PPH: Pouvez-vous vous présenter à nos lecteurs.trices ?
Je suis le Dr Luc Bertrand, médecin épidémiologiste travaillant depuis une dizaine d’années dans le domaine de la préparation et de la riposte aux épidémies. Mes terrains d’intervention ont principalement été l’Afrique et l’Europe où j’ai notamment travaillé pour le compte de structures hospitalières, ministère de la santé, ONG et agences internationales de la santé.
PPH: Qu’appelle-t-on épidémie ?
On parle d’épidémie lorsque l’on observe un nombre anormalement élevé de nouveaux cas d’une maladie dans une population donnée, en un lieu donné et pendant une période donnée. Il est important de noter que le terme épidémies ne se rapportent pas uniquement aux maladies infectieuses. On utilise ainsi de plus en plus le terme épidémie pour caractériser les phénomènes d’augmentation rapide des cas de diabète, d’hypertension ou encore d’obésité dans certaines populations.
PPH: Quelles sont les différentes phases de propagation d’une épidémie ?
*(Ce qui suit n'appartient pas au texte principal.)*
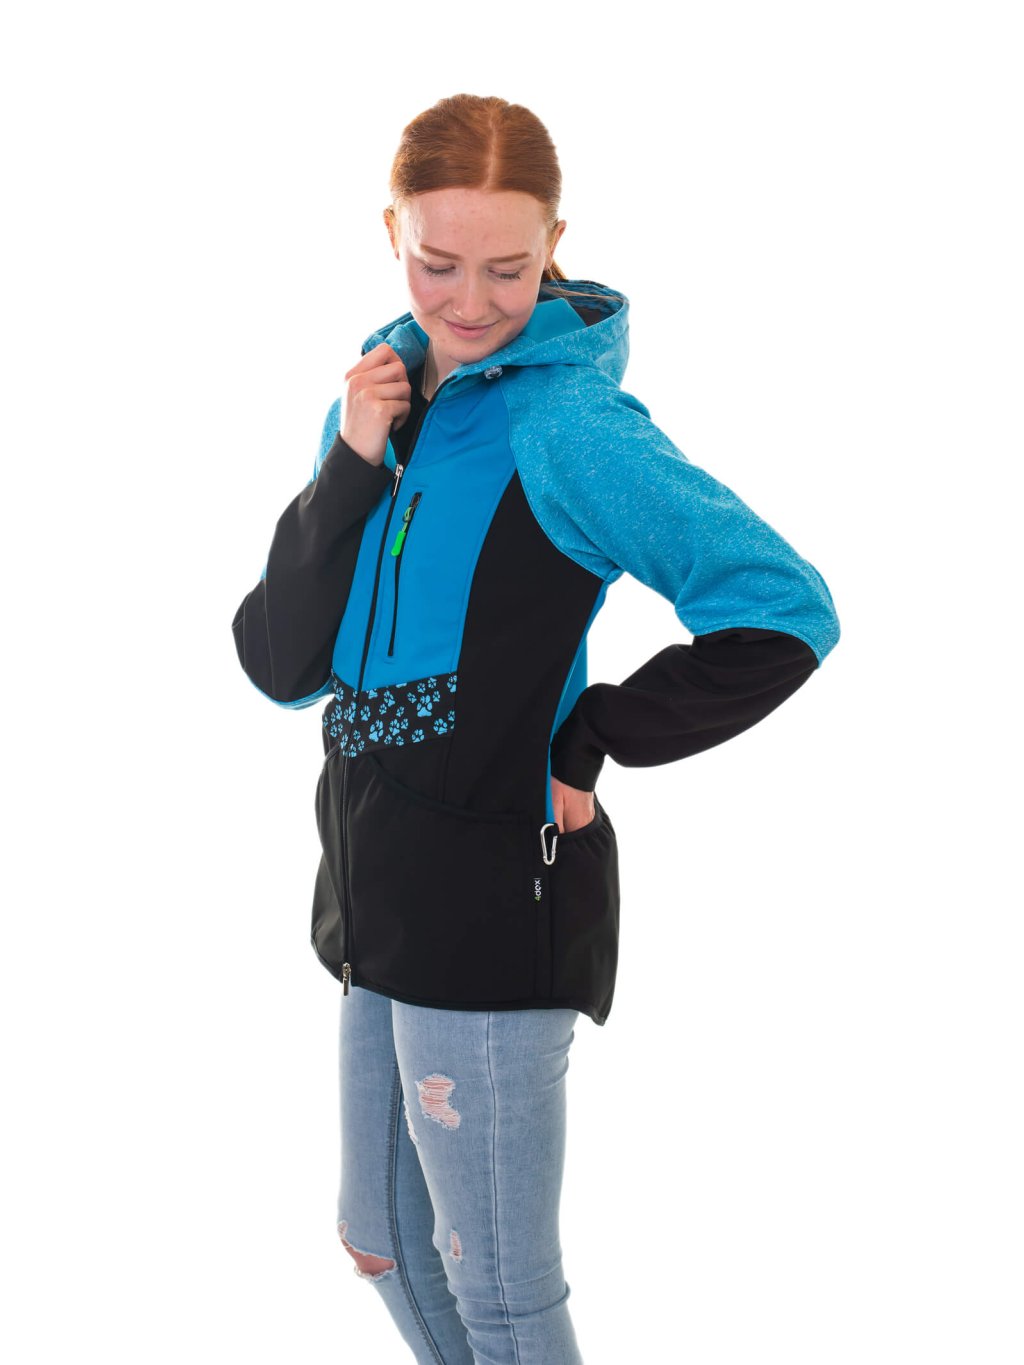 Ladies training jacket aqua all year round 4dox SALE

Les différentes phases d’une épidémie peuvent être présentées comme suit :
Phase 1 : Identification de cas sporadiques d’une maladie en un lieu donné
Phase 2 : Identification de foyer(s) (clusters en anglais) de cas reliés entre eux par des éléments concomitants dans l’histoire de leur maladie
Phase 3 : Pré-alerte épidémique : les cas ou foyers continue de se multiplier sans atteindre le seuil épidémique (seuil épidémique qui dépend de la maladie du lieu et de la période)
Phase 4 : Epidémie confirmée : Dépassement du seuil épidémique de la maladie selon des critères préétablis)
Phase 5 : Urgence de santé publique de portée internationale : Epidémie sévissant dans un pays dont il est avéré qu’elle constitue un risque pour la santé publique dans d’autres États en raison du risque de propagation. La déclaration de cette phase relève de la compétence d’un comité d’experts internationaux réunis par l’Organisation mondiale de la santé (OMS).
Phase 6 : Pandémie : correspondant à la présence de cas sur une large zone géographique internationale. Dans le sens courant, elle touche une partie particulièrement importante de la population mondiale. La déclaration de la phase pandémie relève des compétences de l’OMS Phase 7 : Fin de l’épidémie
PPH: Qui participe à la préparation à une épidémie ?
La préparation à une épidémie est avant tout de la responsabilité de chaque gouvernement.
Ce sont les ministères de la santé publique qui ont dans leur prérogative la charge de la coordination de la préparation aux épidémies. Cette préparation implique non seulement les experts en santé publique et le personnel de santé de terrain ; mais aussi des experts provenant d’autres secteurs clef tels que : l’environnement, la santé animale, l’agriculture, les transports, la sécurité, le nucléaire, etc.
Toujours au niveau des pays, la communauté et les médias jouent également un rôle important dans la préparation aux urgences à travers notamment la sensibilisation et l’éducation à la santé.
Enfin tous ces acteurs nationaux peuvent être appuyés dans leurs efforts par des partenaires non-étatiques nationaux et internationaux (associations, fondations, ONGs, OMS, etc.).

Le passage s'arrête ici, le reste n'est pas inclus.